Spent four days at Seaside last week, been about 1 year since my last stay and here are some of my observations.

1. Improved internet - seems like they have WiFi access points in the halls outside almost every condo.  The 5 GHz didn't work so well but the 2.4 GHz worked a lot better which is surprising. Opposite of what I found at Glen Eden.  I was able to work and do IP based conferencing with no issues - pleasant surprise.

2. MO's is open! - Mo's is right next door - I think the Shilo Inn may scare people away but this is a regular MO's and was fantastic.  Surprised more folks don't say anything about it.  The outdoor patio has heaters and is warm so don't be afraid to sit outside.

3. Pool & Spa Restoration - Pool & Spa are back open, they replaced all the top tile - couldn't really tell much of a difference but staff was all excited about it.  All the jets were strong and working which is a plus - the main pool they lowered the temp which is ok with me, but many found too cool.
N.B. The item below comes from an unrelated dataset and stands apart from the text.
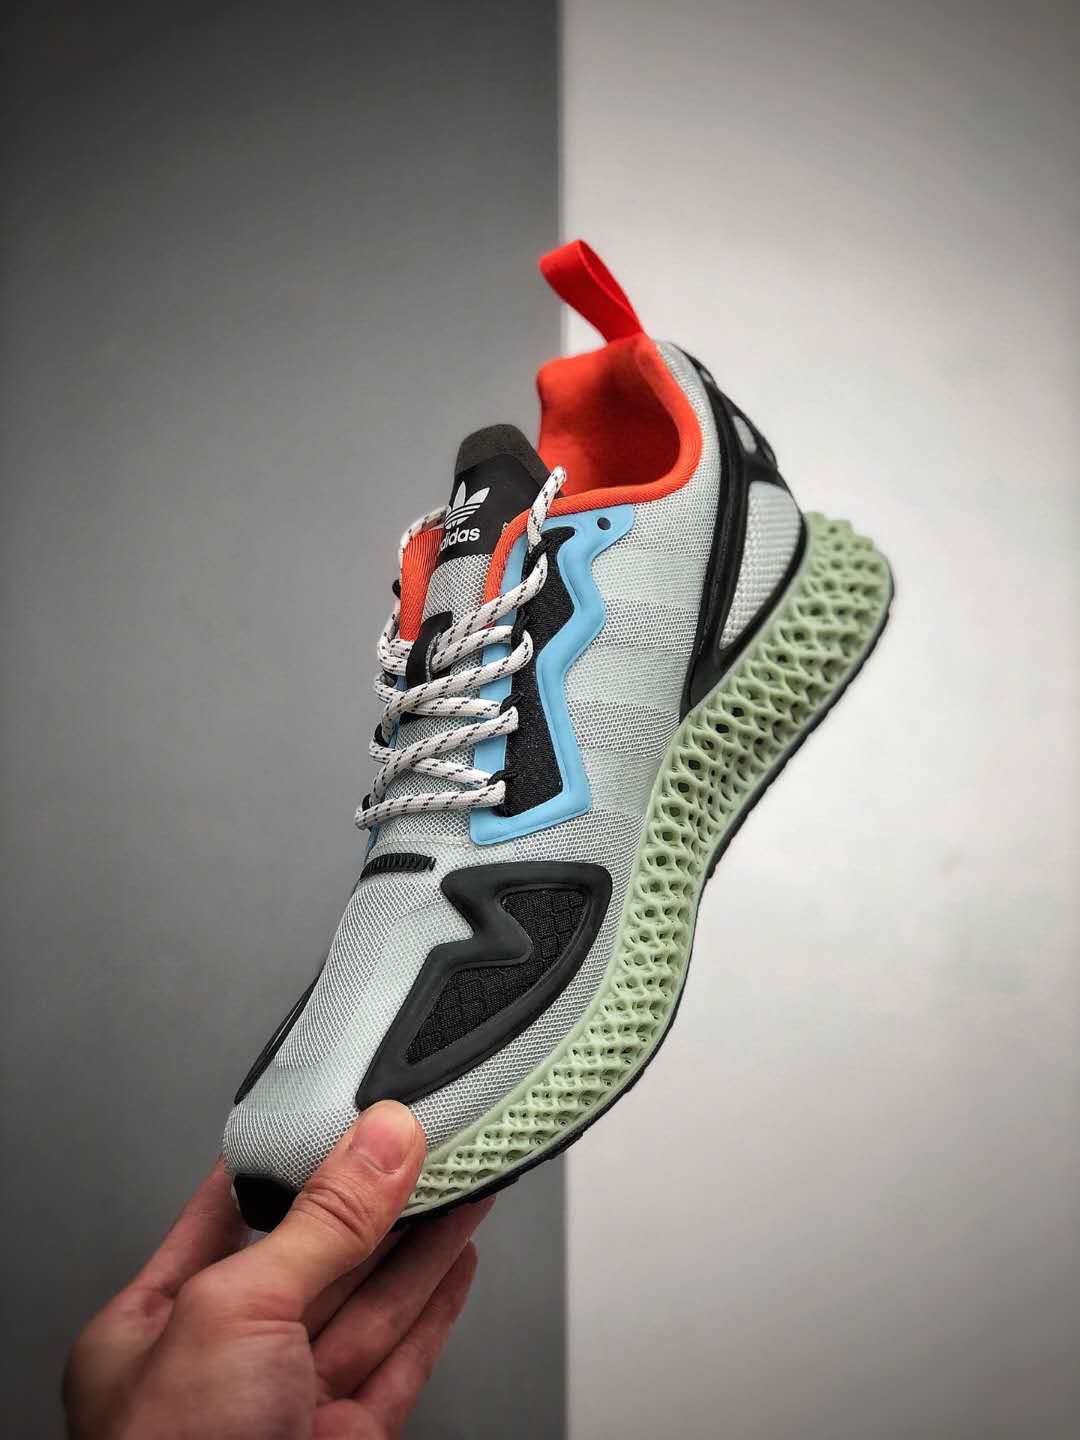 Adidas ZX 2K 4D Dash Green FV8500 - Shop the Latest Athletic Sneakers

4. Promenade & Biking - Took our e-bikes and cruised all around the town, fantastic.  Didn't see any place renting e-bikes but there may be.  Having a bike room makes Seaside great - with e-bikes locking them up outside is not good- there is tremendous bike theft in Oregon but putting them in a locked bike room and then locking them up there is pretty safe. I kept the batteries in the condo.  Mrs Sparty got all kinds of complements on her e-bike while cruising slowly on the promenade - mine looks more like a kids bike 

5. King tides and sneeker waves - there are king tides in Nov and December - to me the low tide looked exceptionally low.  I was able to walk all the way out and stand next to the Seaside Aquarium's intake pipe - people always ask - "What is that funny pipe sticking out there" It's the Aquariums fresh salt water intake pipe - very unique.    However my main point here is there have been many lives lost at Seaside due to sneeker waves and the National Weather Service had warnings up and still may have them up.. Be careful - never turn your back on the ocean when at Seaside - especially when you're far out like I was.


----------



## DaveNV (Nov 27, 2019)

Sounds nice! It’s on my list.

Dave


----------



## geist1223 (Nov 27, 2019)

Back in August they had one of the lowest tides of the year -2.0. A normal low tide is between -0.5 and +.05. So minus 2.0 was fantastic. You could walk out more than a hundred yards past the pipe sticking out of the sand.


----------